When you reach a picture, skip it, and retype every line below exactly.

=== RECORDED DATA ===

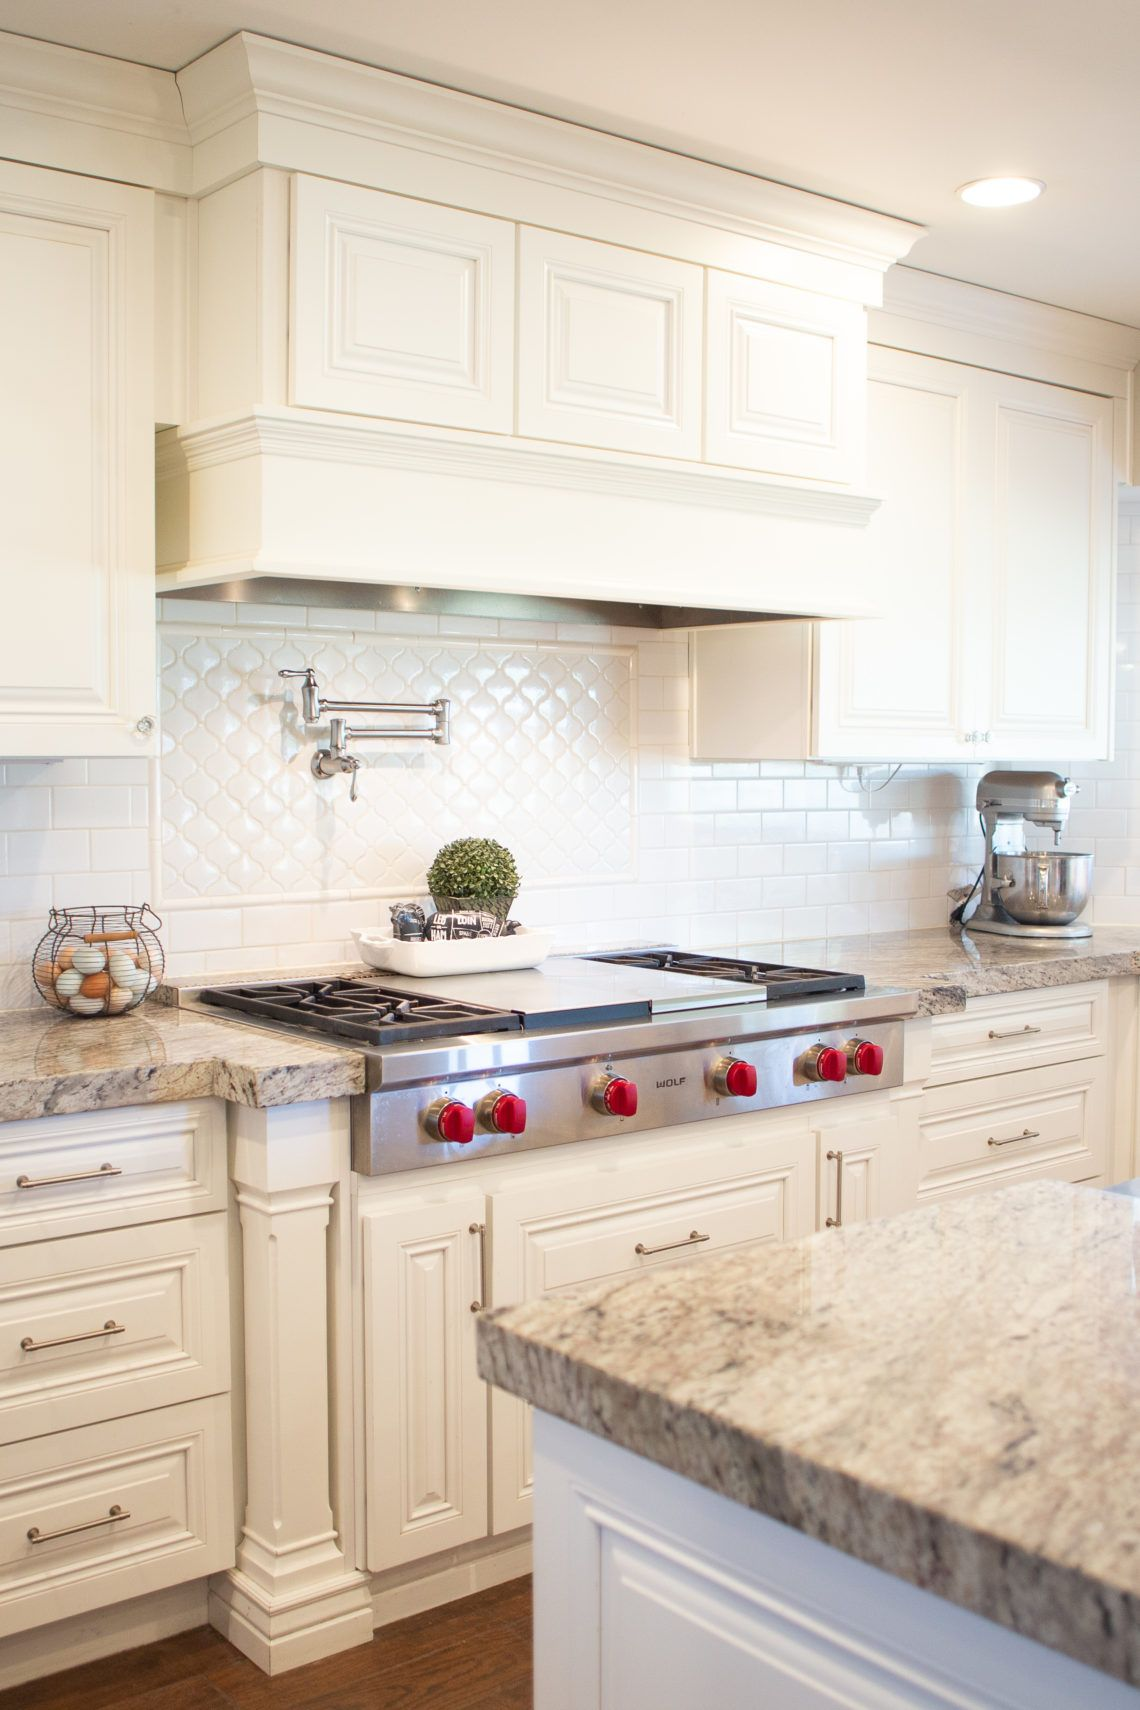 Dream Kitchen White Cabinets Granite Wolf Appliances Check Out
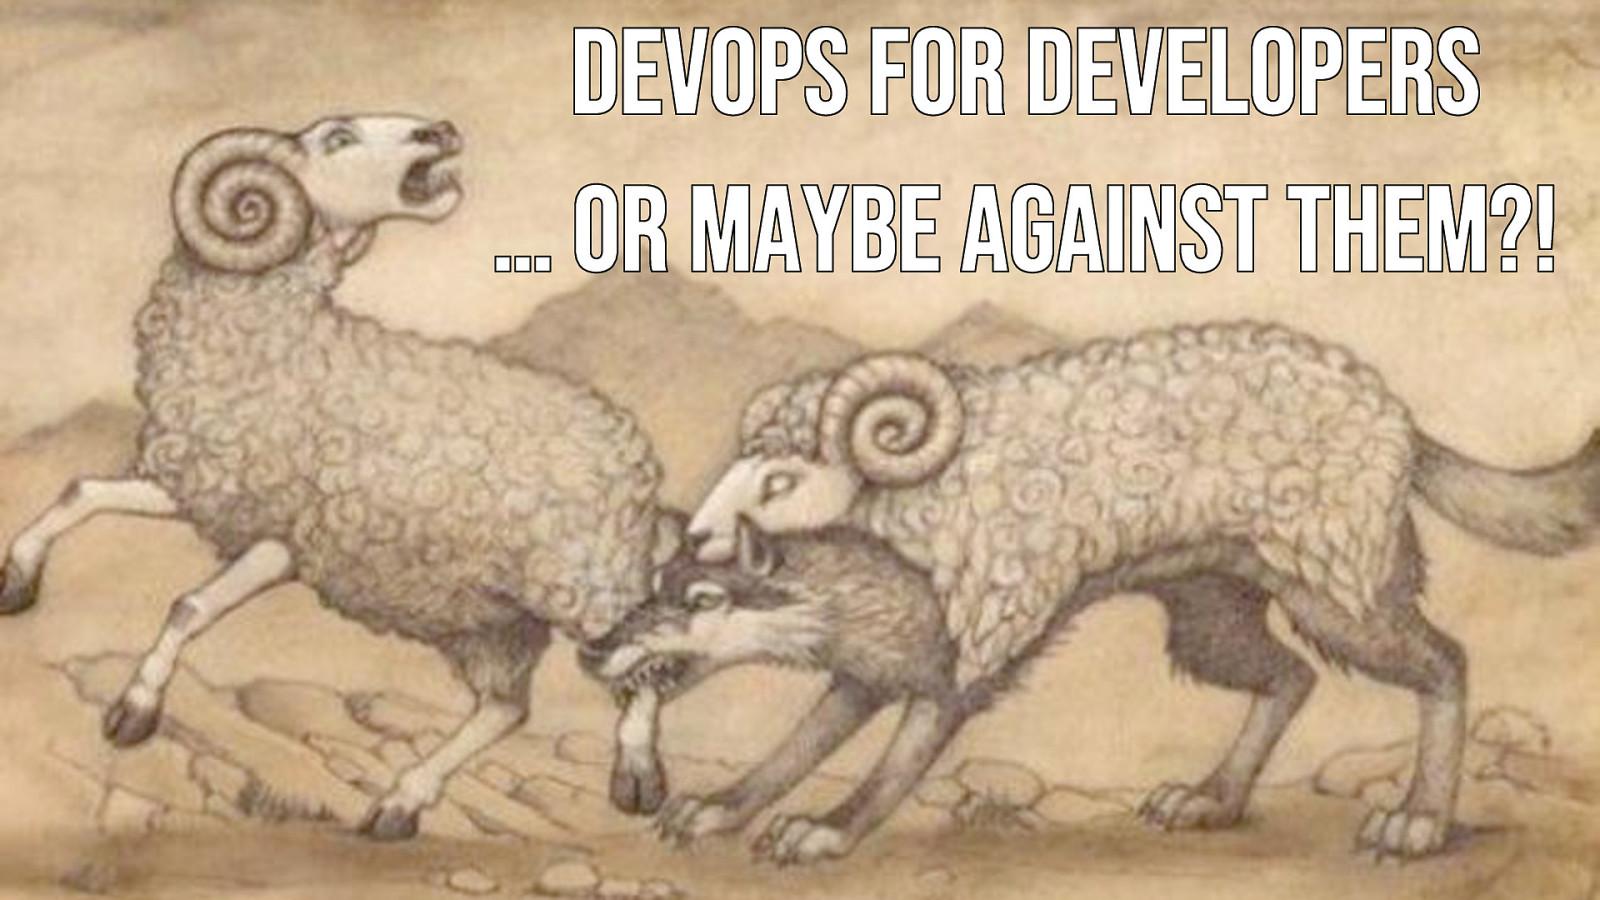 DevOps for developers (or maybe against them?!) by Baruch Sadogursky
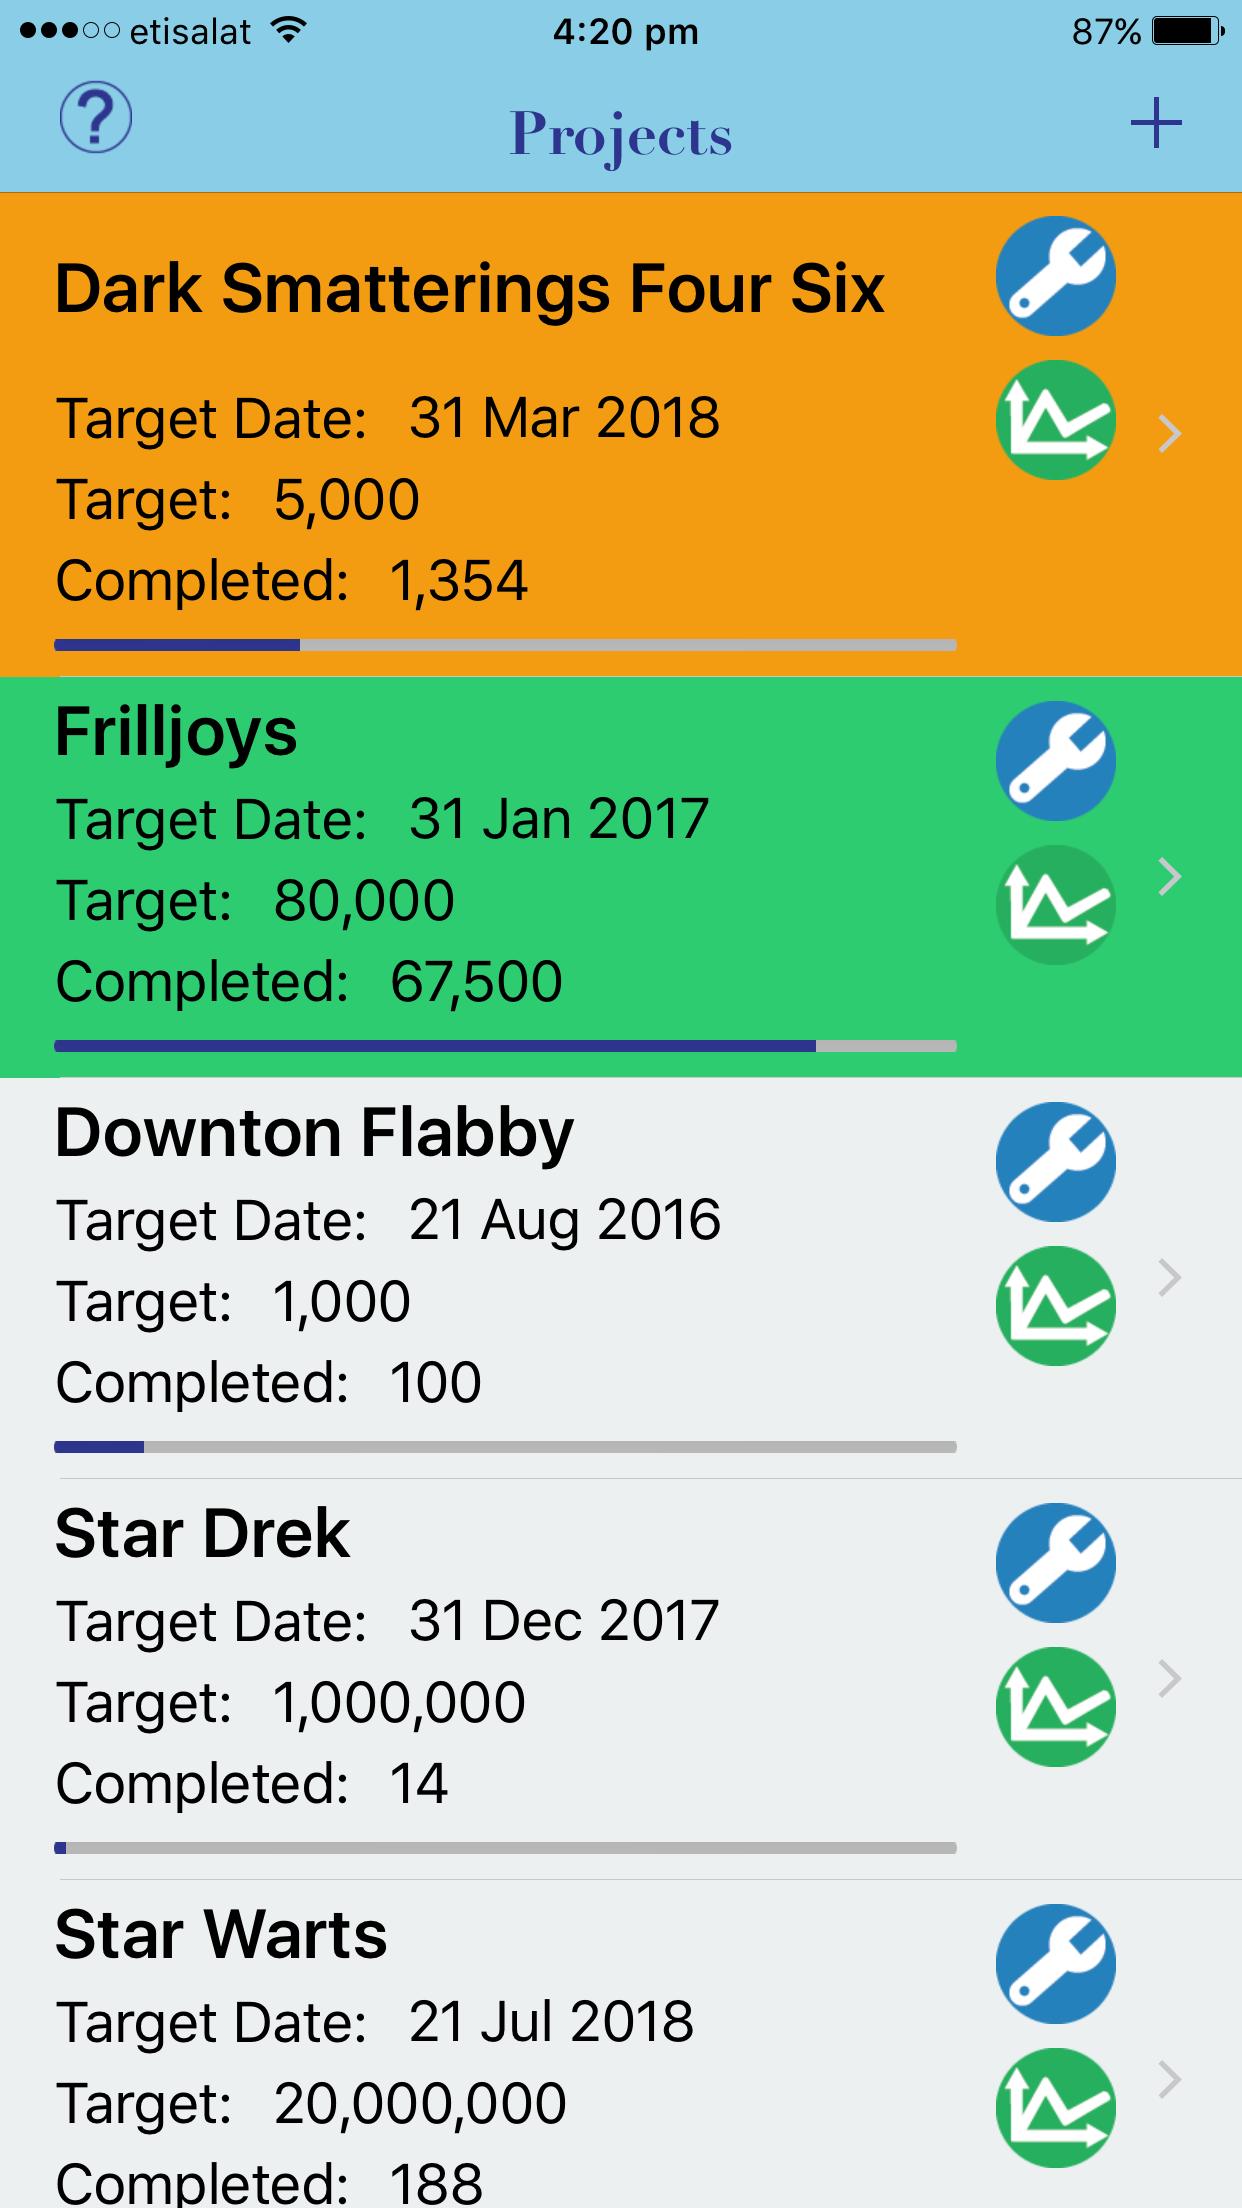 WriteOn iOS - Projects screen

===

## RESPONSE AREA
 Dream Kitchen White Cabinets Granite Wolf Appliances Check Out
 DevOps for developers (or maybe against them?!) by Baruch Sadogursky
 WriteOn iOS - Projects screen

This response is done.